One difference between lacing Tylenol capsules with cyanide and allowing corrupt people to have positions of importance is that corruption is slow acting and spreads insidiously until the entire society becomes morally bankrupt. The first injustice by a Sodomite judge did not cause fire and brimstone to hail down on Sodom. Cruelty and injustice enriched some Sodomites, causing extreme harm to their victims. As the corruption spread, evil dominated without any thought that a day of reckoning would arrive. 

During the 1770s, people in the American British Colonies became displeased that the Crown was contaminating British institutions. The colonists believed there should be no taxation without representation. They believed they were entitled to impartial courts when they had just grievances against the Crown. But King George and Parliament believed otherwise and saw no reason that their “Tylenol” bottles should not also contain tyranny. The King’s courts were a farce. Like in Sodom, truth, honesty, and justice had been supplanted by power. The colonists expressed their displeasure with this adulteration of the judicial system in the Declaration of Independence, stating: “He has made Judges dependent on his Will alone for the tenure of their offices, and the amount and payment of their salaries.”   

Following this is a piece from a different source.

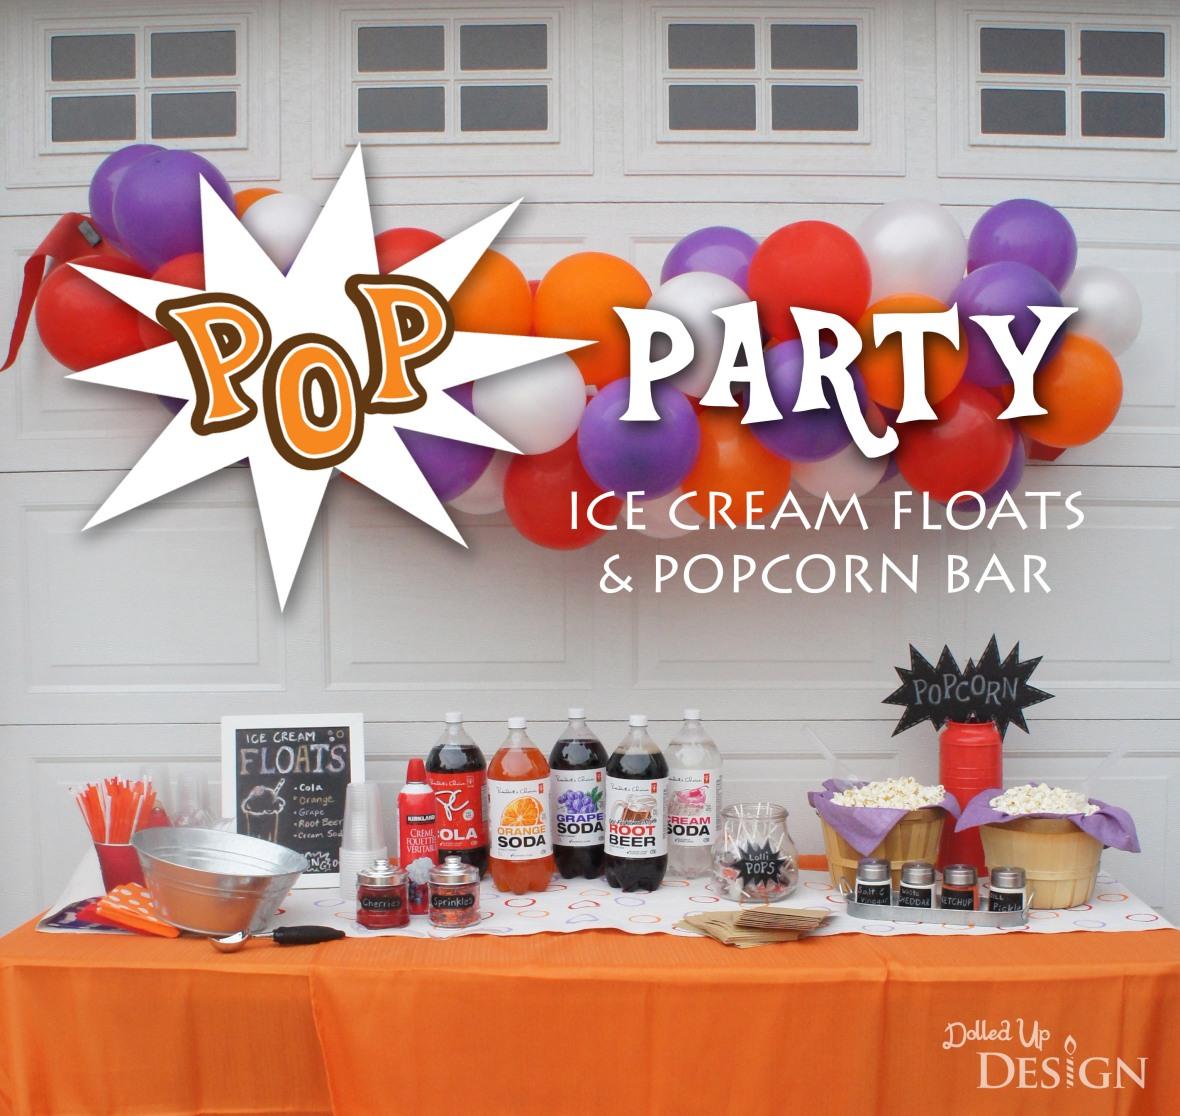 Pop Party_Ice Cream Floats & Popcorn Bar

Our Declaration of Independence posited that all individuals have certain inalienable rights and among these are Life, Liberty and the Pursuit of Happiness. We drafted the U.S. Constitution to secure the Blessings of Liberty, not to continue the rule of tyrants. The foremost objective of the judiciary is to protect an individual’s fundamental rights. The legal system is not to be manipulated for the benefit of the rich and powerful.   

For decades, the Los Angeles Police Department (LAPD) was an abusive occupying force in South Central Los Angeles (aka Watts) where, in 1965, police brutality after the stopping of a black motorist triggered six days of violence and civil unrest. There was $40 million ($308 million in 2017 dollars) in property damage and 34 deaths. The unrest was fueled not only by the racist nature of the former LAPD, but also by the courts when they backed up a police department that engaged in the brutalization and criminalization of the Black community. 

Twenty-six years later, in 1992, Los Angeles again erupted in violence with the worst civil unrest since the Civil War – with 54 dead and $1.5 billion (in 2017 dollars) in property damage. Again, a poisonous judiciary had been crucial in the breakdown of civil society. 

While the acquittal of the police officers was what sparked that violence, the foundation for the death and destruction was laid months before by the appellate court’s manipulation of the location of the police officers’ trial to Simi Valley, a bedroom community for police officers. The appellate court claimed that due to publicity, a fair trial could not be had in LA County. Thus, the trial was moved to Ventura County, where the media coverage was as extensive as in Los Angeles County but the jury pool was extremely pro-police. In brief, the appellate court concocted a ruse to place the police officers’ trial in a place where the jury would be overwhelming sympathetic to white police officers and hostile to their Black victim. 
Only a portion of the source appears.